Я хотел отучить Джолчи от этого глупого предрассудка, но нельзя было заставить ее переступить порог кибитки ни добром, ни угрозой. Климат в этой области имеет свои особенности. В тихую погоду, при ясном небе, в полдень становится так жарко, что сбрасываешь с себя бараний тулуп, но достаточно облачка или тени от горы, которые бы загородили солнце, и вас насквозь прохватит холодом. Кожа на лице лупится, сходит несколько раз, а потом становится сухой, жесткой, как пергамент, и бронзового цвета, как у индуса.
Скоро начало смеркаться, и у меня спина устала от тяжелого тулупа. Так как навьюченные лошади шли слишком тихо и нам оставалось еще тащиться таким образом часа два до стоянки, то я в сопровождении Мин-баши оставил караван и отправился впотьмах вперед. Мин-баши ехал впереди, а за ним по следам его лошади я. Тяжелый выдался путь; если бы не яркие звезды, было бы темно, хоть глаз выколи.
Время все шло, и будь в маленьком караван-сарае Бор-доба хозяин, он был бы, наверное, сильно изумлен, увидав в такую позднюю пору у своих дверей двух занесенных снегом путников. Чтобы читатель не возымел преувеличенного представления об этом караван-сарае, или "рабате", я поясню, что это не что иное, как маленькая землянка с крышей, подпертой кольями; посреди пола четырехугольное возвышение, служащее местом отдыха для путешественников.
По распоряжению ферганского губернатора такие лачуги разбросаны во многих пунктах между Маргеланом и Памирским постом ради облегчения почтовых сообщений. Этот караван-сарай был расположен у подошвы одинокого холма и потому носил название Бор-доба, правильнее Боз-тепе, т.е. Серого холма. Мы немедленно заснули и проснулись, только когда с шумом и гамом подошел караван. Тут мы напились чаю и отлично поужинали.

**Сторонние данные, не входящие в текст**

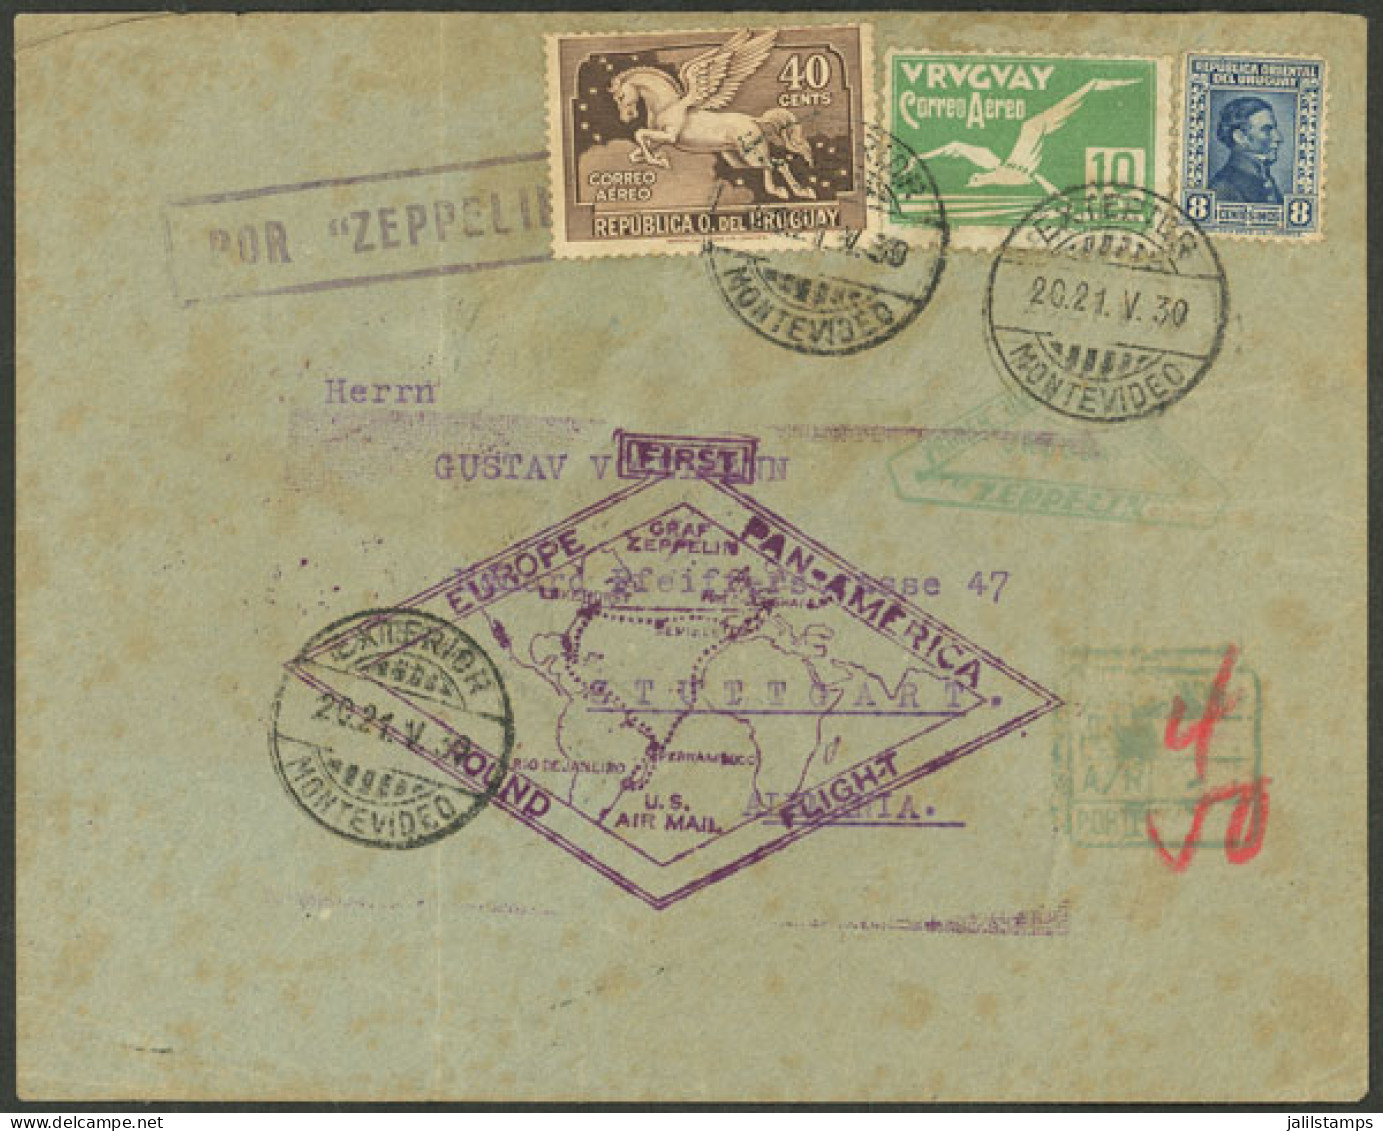 URUGUAY: 21/MAY/1930 Montevideo - Germany, Cover Flown By Zeppelin, On Back There Is An Arrival Mark Of Friedrichshafen  - Uruguay

По пути в Бор-доба мы видели следы восьми волков, бежавших врассыпную по направлению от Алайского хребта к Заалайскому. На спуске между холмами следы соединялись. Киргизы сказали, что здесь проходит старая известная волчья тропа. В этих областях волки встречаются очень часто. Летом они обыкновенно держатся в долине Алая и таскают у киргизов баранов. Собаки чуют волков за версту, за две, но те нередко надувают их; волки неделями следят за стадом и стерегут удобный случай для нападения.
Кровожадны они невероятно, и если нападут на стадо без пастуха, то перережут всех баранов. Мне рассказывали, что недавно один волк зарезал ночью 180 баранов у одного киргиза из Уч-тепе. Зато горе подстреленному волку, попавшемуся живьем в руки своего врага, киргиза! В разинутую пасть ему всовывают короткий толстый кол, который прикручивается к скулам, другую же палку привязывают к ноге, чтобы зверь не мог удрать, и начинают всячески мучить и терзать его, пока в нем остается хоть искра жизни.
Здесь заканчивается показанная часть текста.